Problem to work on: Without the pictures, write out all the lines below exactly as they appear.

Supplied material:

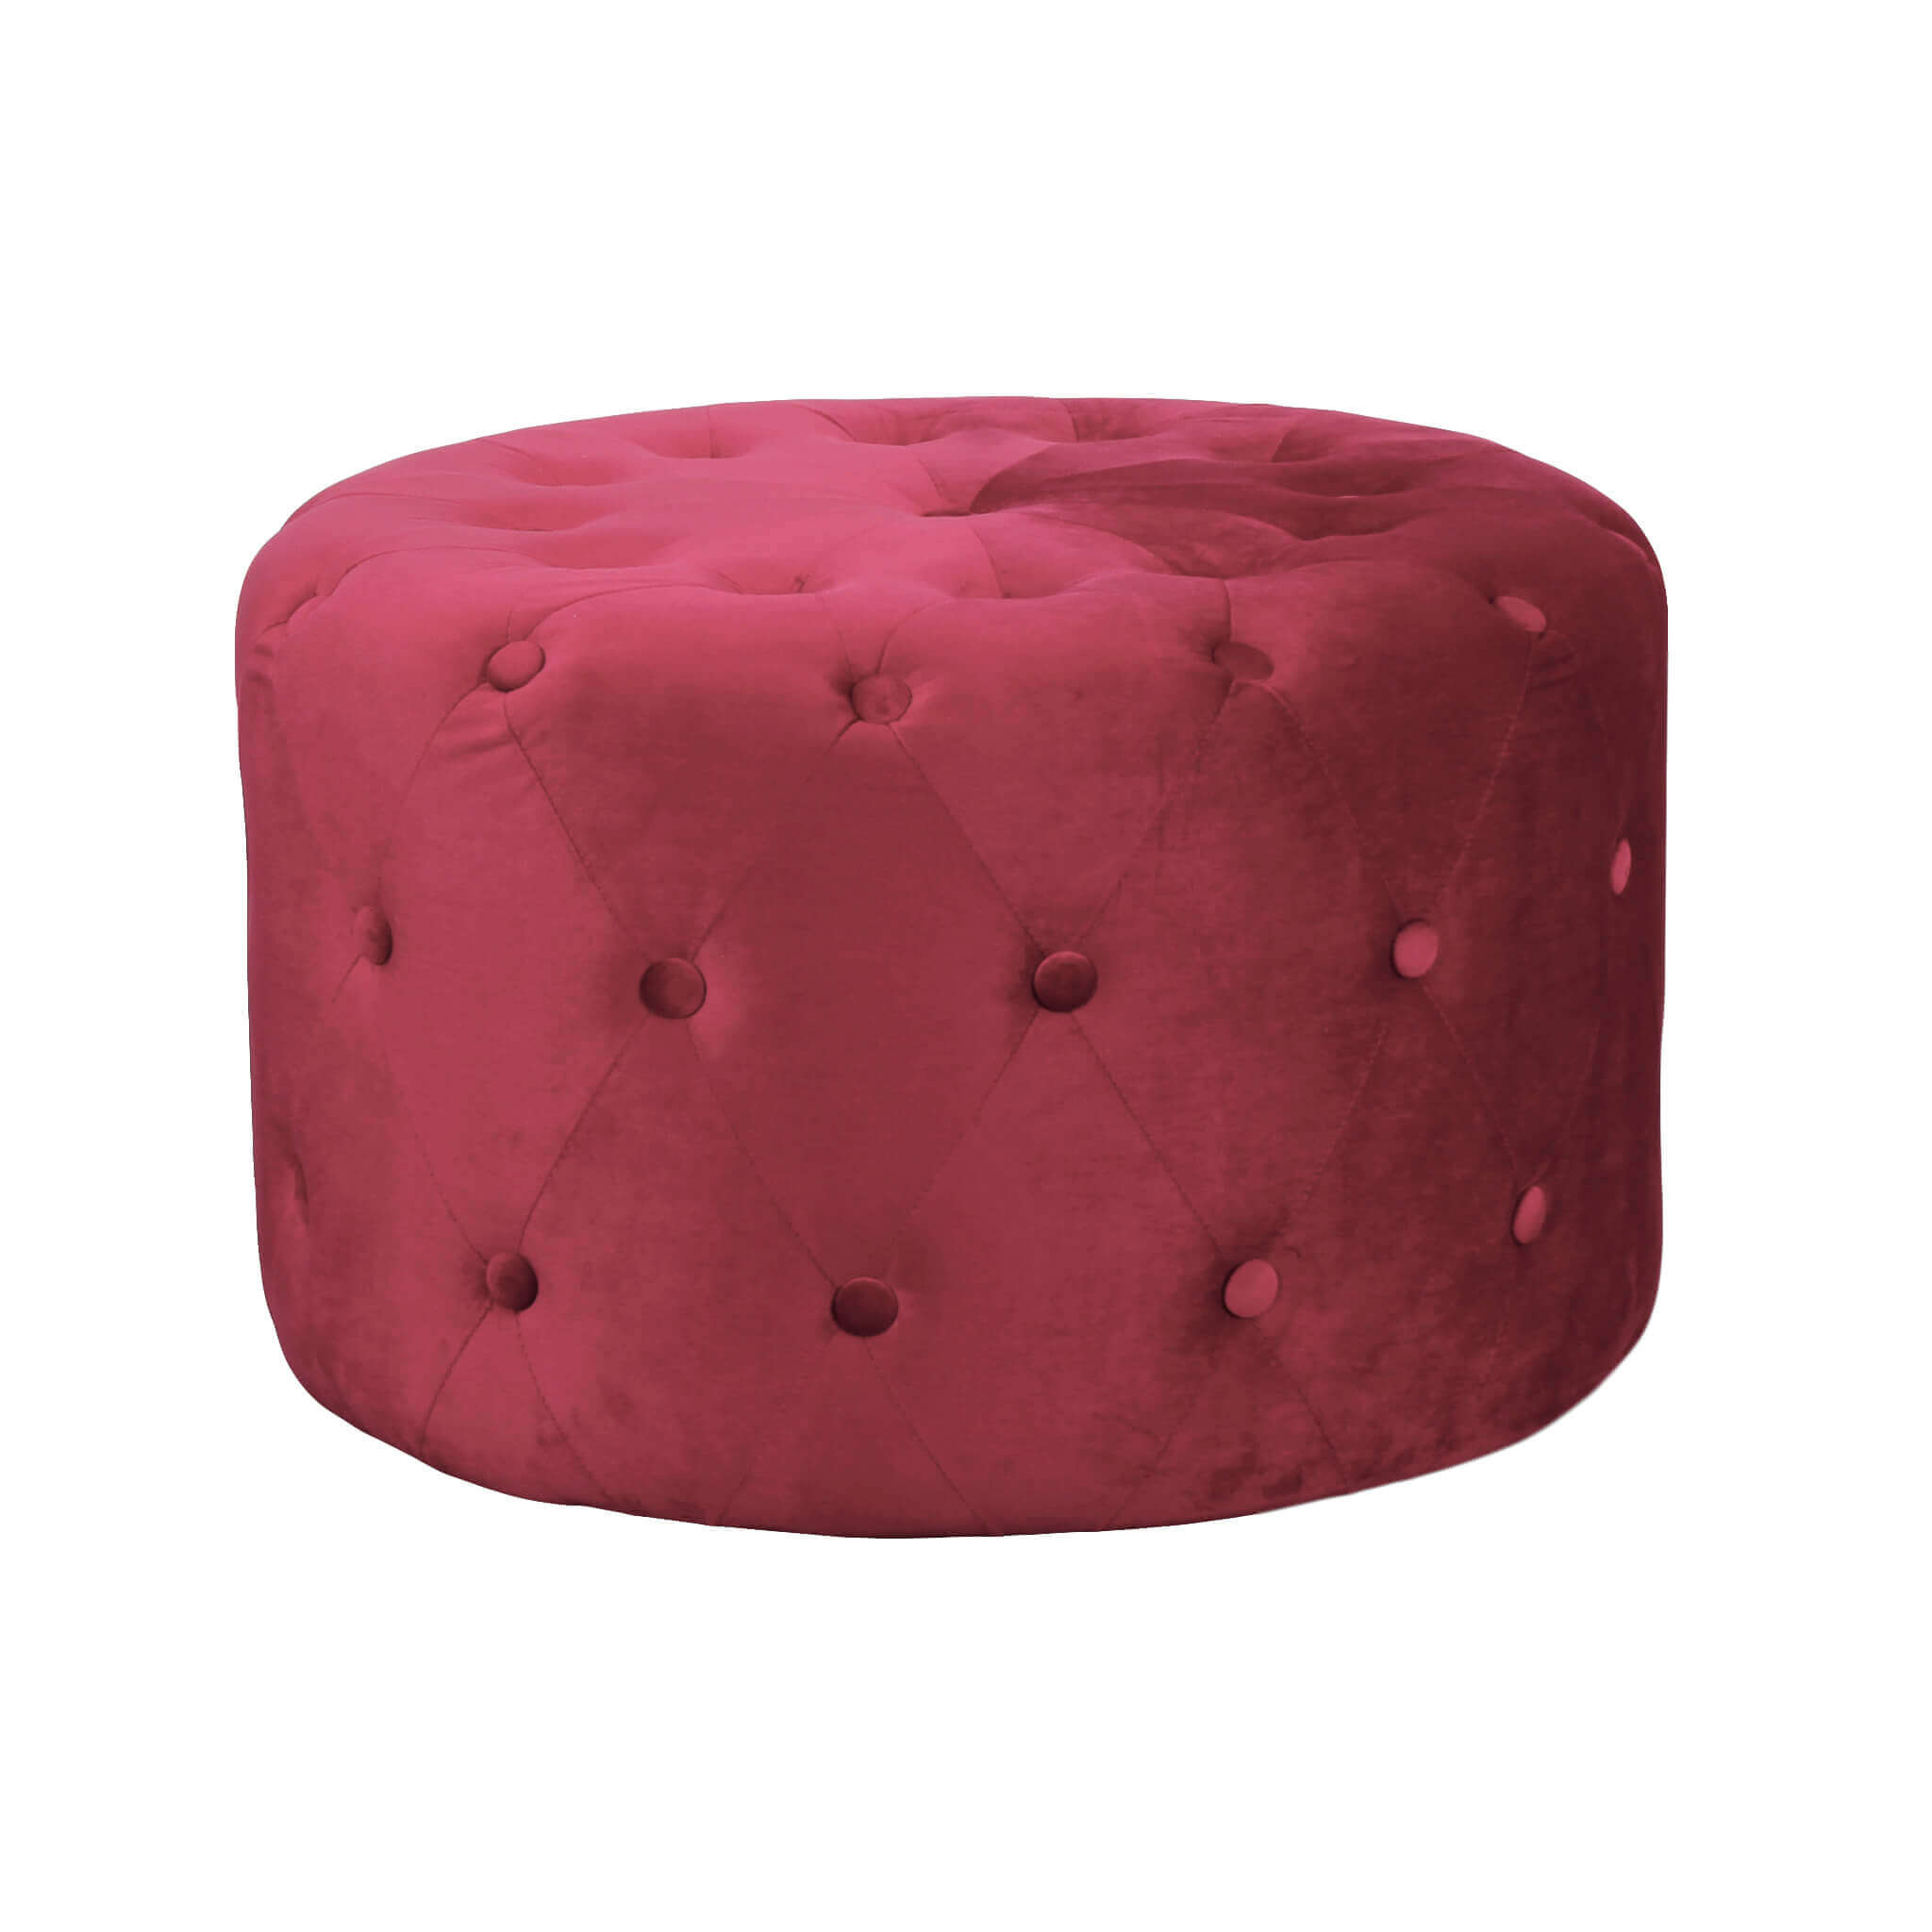 Milani Home pouf rotondo in velluto di design moderno, cm diametro 67 x 41 h Rosso x x 41 cm
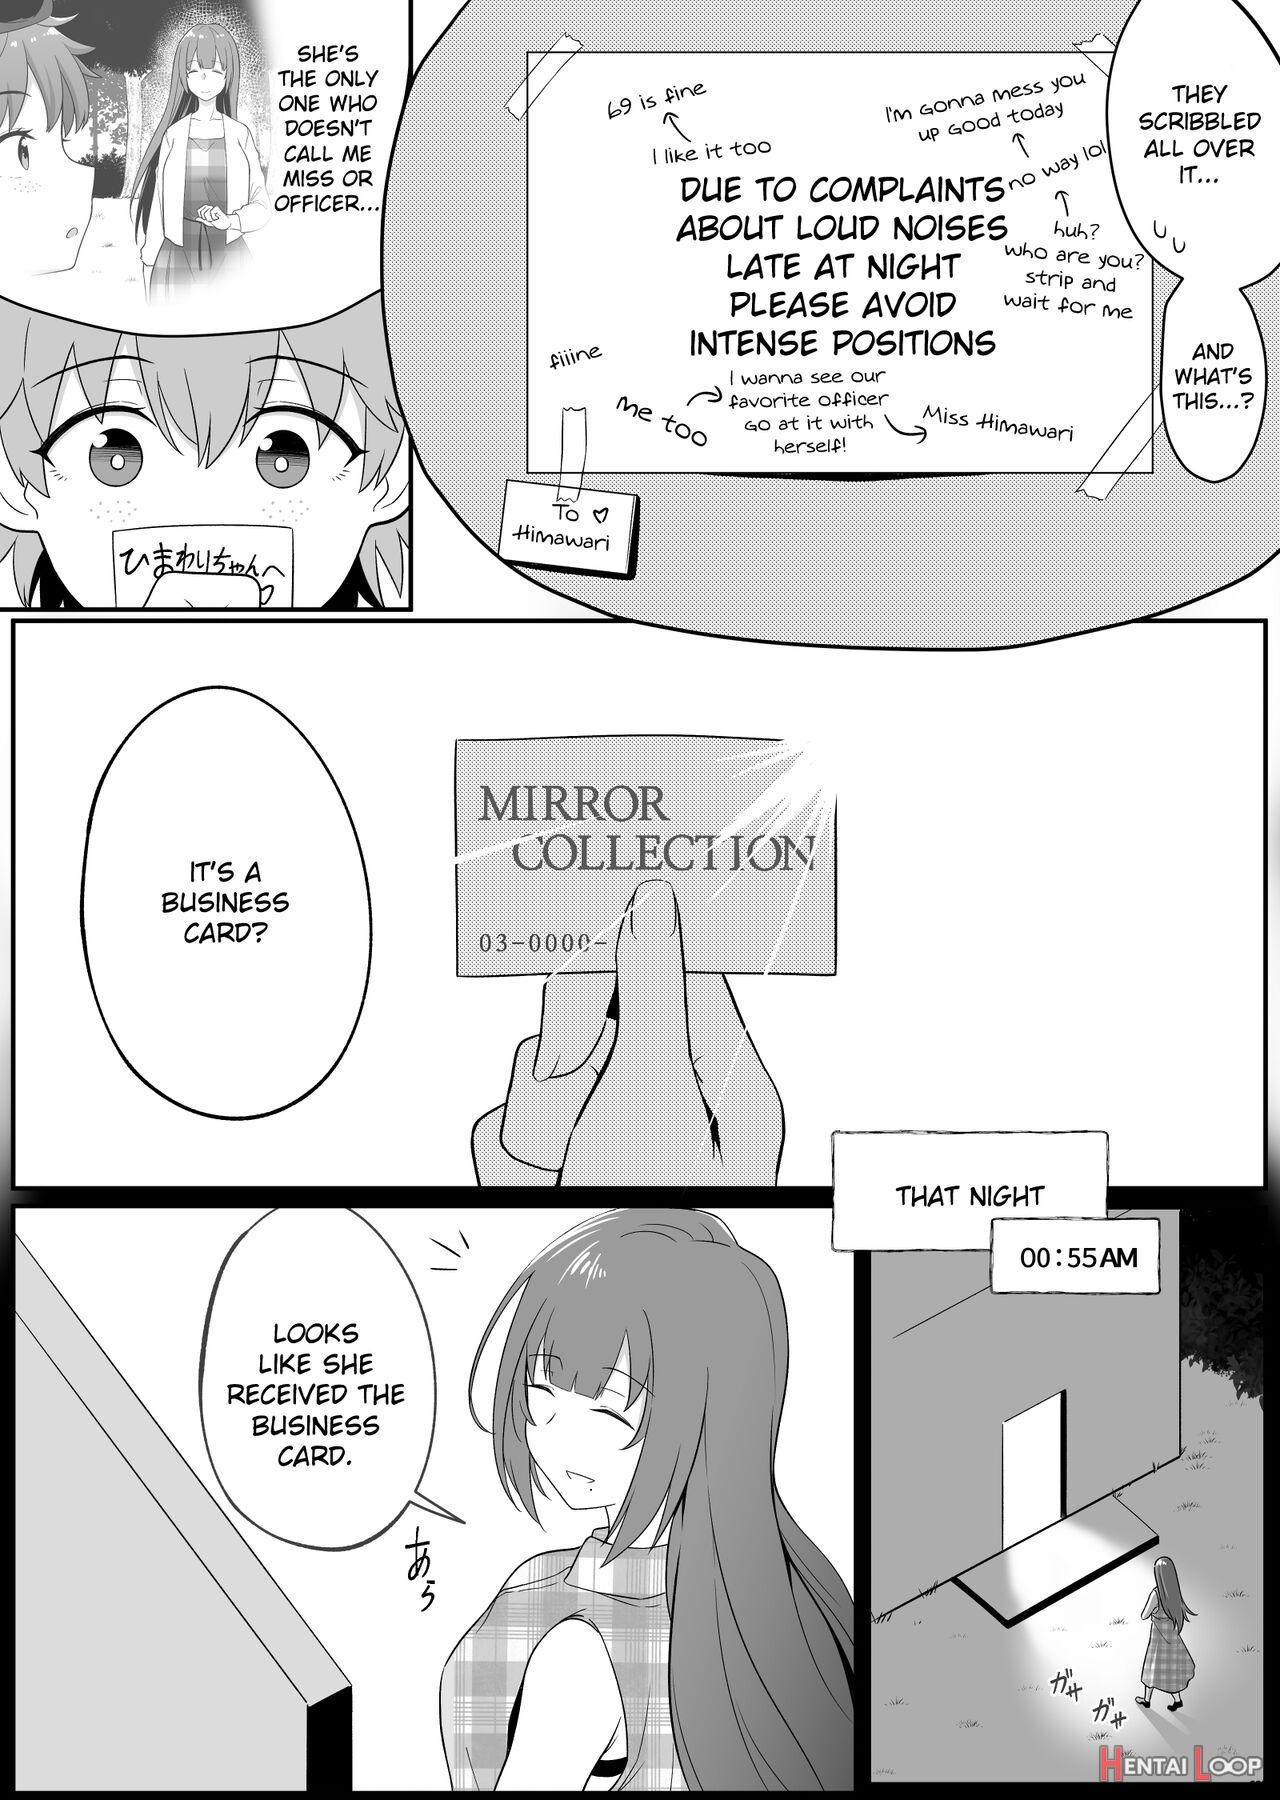 Xion Mirror Collection Vol.6 page 45
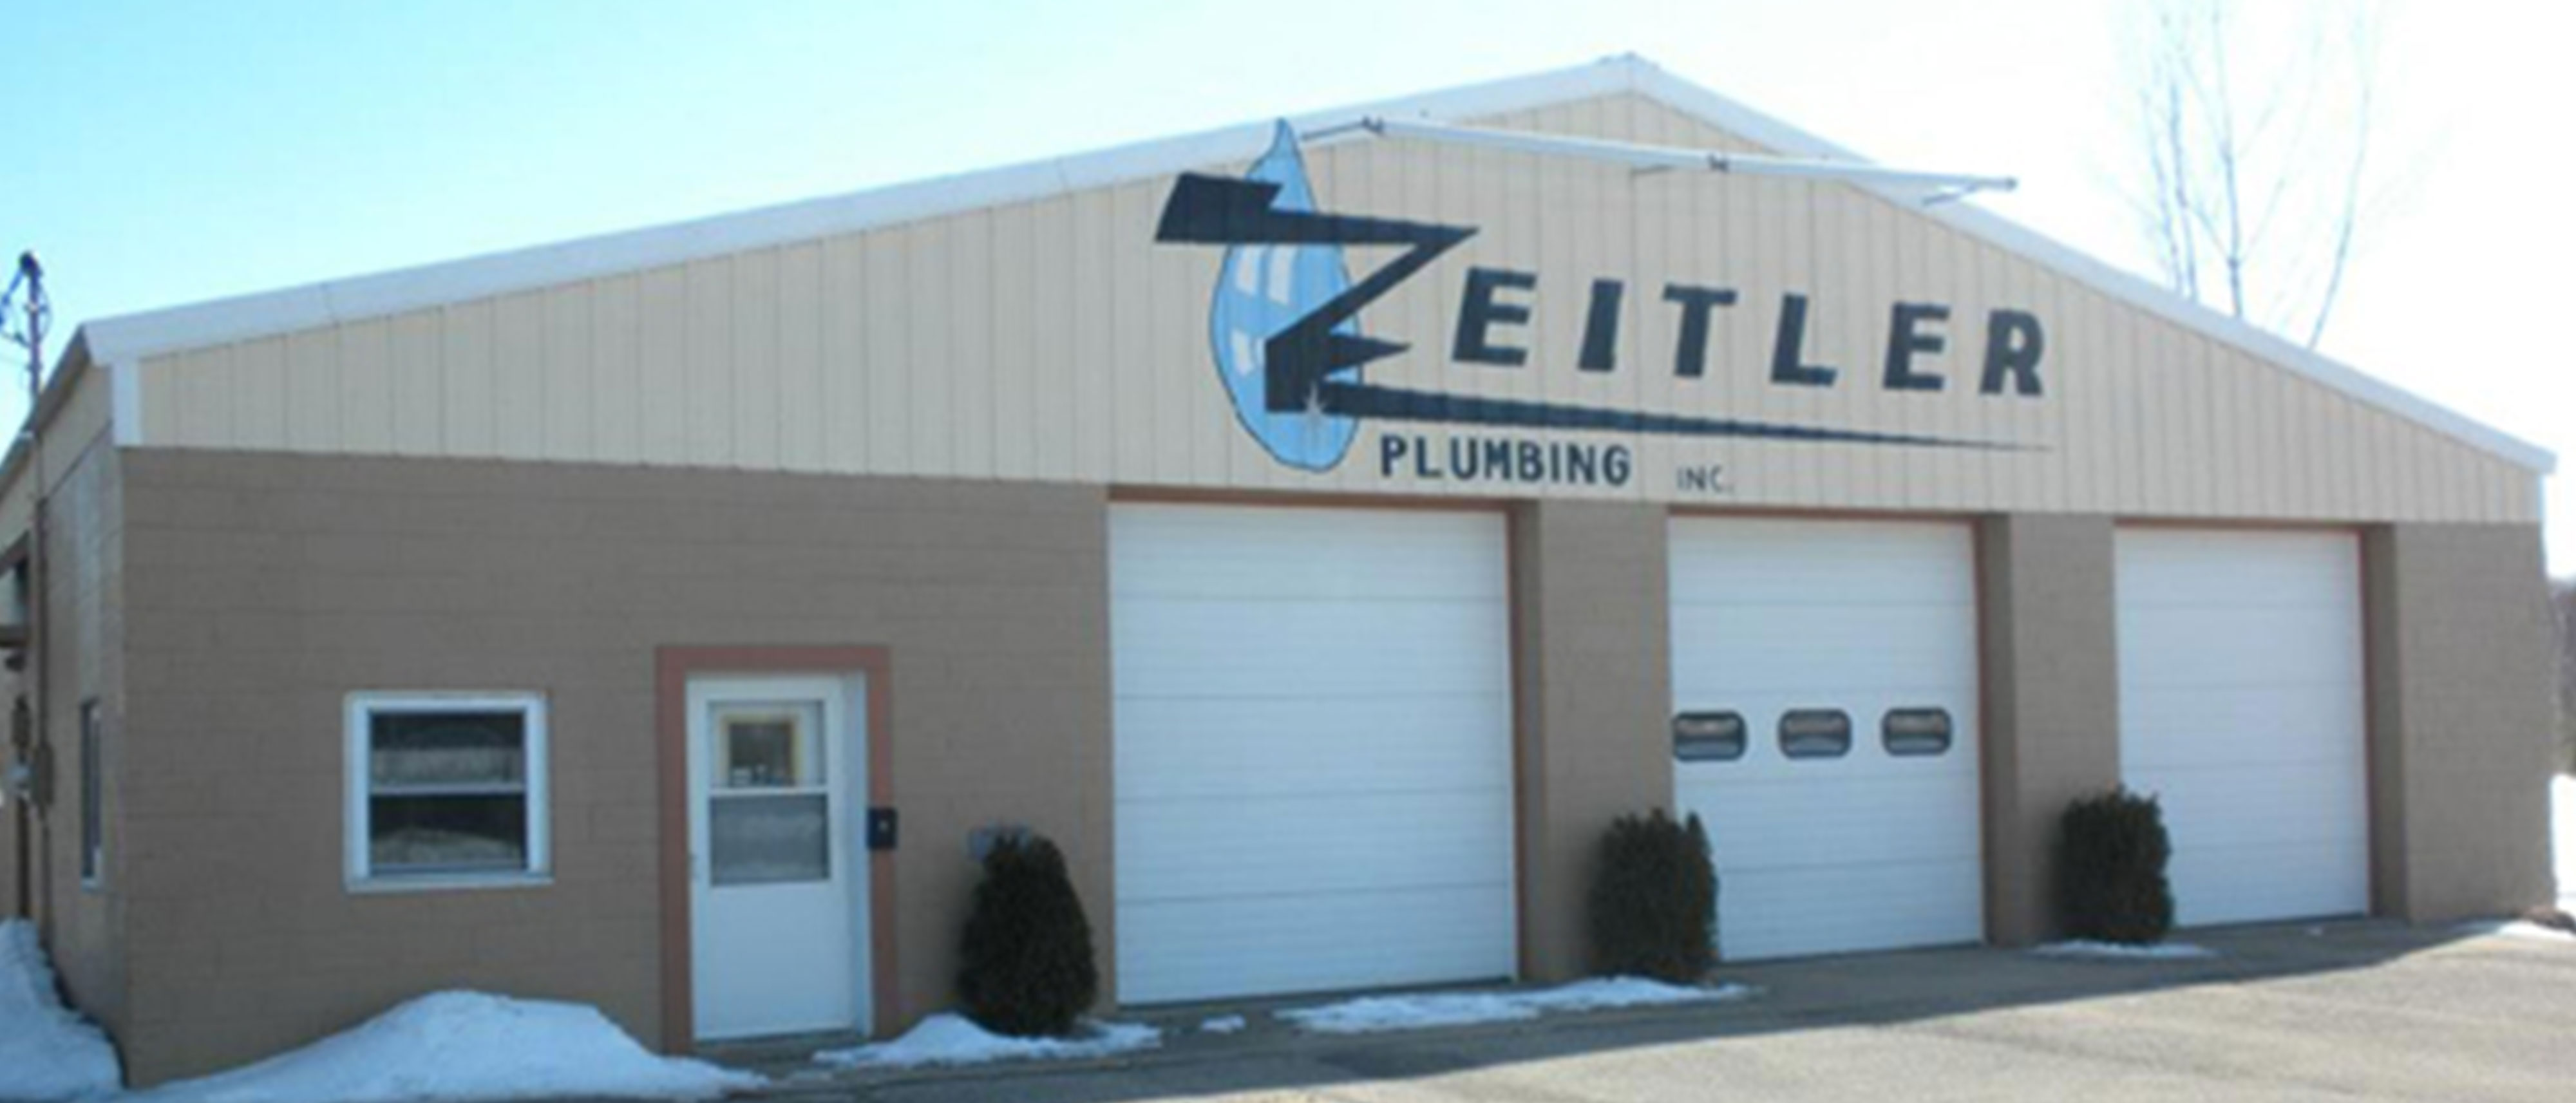 Zeitler Plumbing Office

Task solution:
 Milani Home pouf rotondo in velluto di design moderno, cm diametro 67 x 41 h Rosso x x 41 cm
 Xion Mirror Collection Vol.6 page 45
 Zeitler Plumbing Office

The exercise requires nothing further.